Classical Tai Chi is where it all comes together because the action at the hips and pelvis is dynamic.  That is to say that the body will fluctuate appropriately between “anterior” and “posterior” tilts of the hips. The back leg is also not acting to powerfully “push off” like a sprinter.  In fact, whether moving forward or back the lead leg (after all depending on your viewing angle, a “back” leg can be in either front or back) is pulling and not pushing.  Quite frankly, the step size and vertical structure of Classical Tai Chi will not accommodate a powerful “push off” from the leg, it would topple your body.  So the extreme "energizing" necessary to drive a punch has to come from skillful movements of  the core and not the back leg.  In Classical Tai Chi we call such movements “quarter body movement” and as an example, one “quarter” of the core itself is actually fully engaged with the arm.   The “quarter” of the body achieves extreme energizing and then it relaxes instantaneously after the power is delivered. In doing so we can accomplish the famed “one inch punch” so popularized by Bruce Lee…but we do not have to stand in the large stance that he adopted to do so.

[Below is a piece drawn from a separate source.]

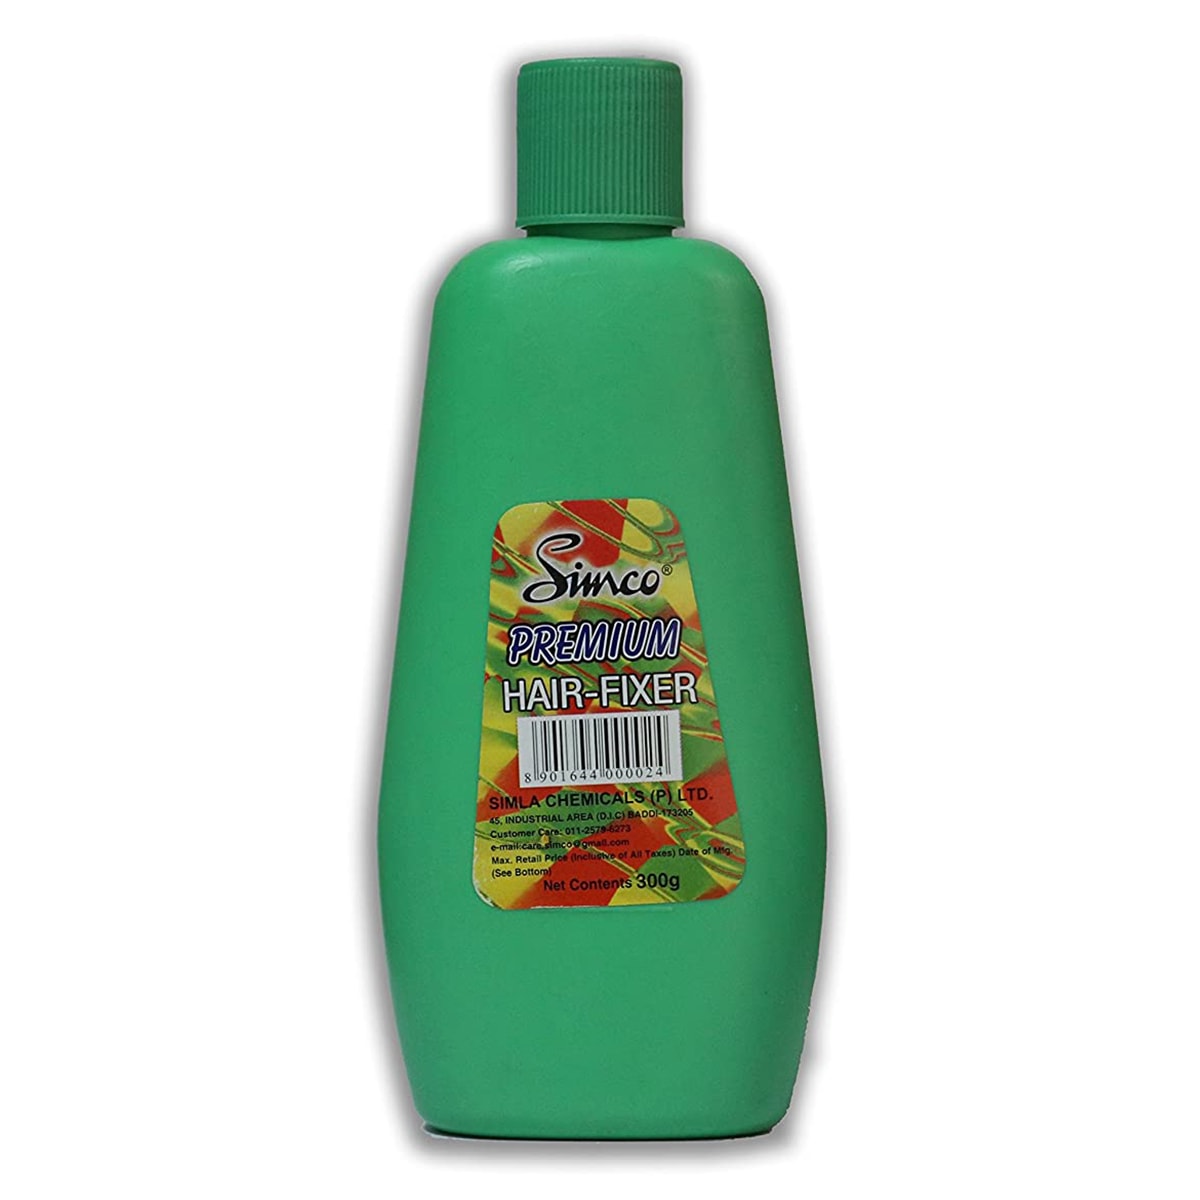 Buy Simco Premium Hair Fixer (Green Bottle) - 300 gm

Any muscular energizing from the core will use the back leg to act as a shock absorber to the reaction force from the punch. Not a perfectly straight back leg which had to work to drive the body forward either.  Here is why we see,  it is also not necessary for the aficionado of Classical Tai Chi to beat on a makiwara or heavy bag to “practice their punches”.  This in contrast to the protestations of a student who lamented to both Master Hwa and I that he had not developed “self defense abilities” in his Tai Chi practice.  He was going to study Wing Chun instead of Tai Chi and build a makiwara so that he could practice his “power” punches. In studying the small frame stance of Wing Chun stylists, it is relatively easy to see they also “tuck” their hips under.  The disillusioned student will be right back where he was in the first place.  He certainly will not achieve power if he punches the makiwara or heavy bag by holding back his hips in an “anterior” tilt from such an upright stance.  Every time he punches with that tilt a great pressure will be exerted against the spine in an unusual direction.  Does he also plan to straighten his back leg in such a small frame stance, thus compounding  the pressures on the spine and small of the back?  How will he stay “rooted” if he pushes off, or does he plan on his body leaving the ground with every punch?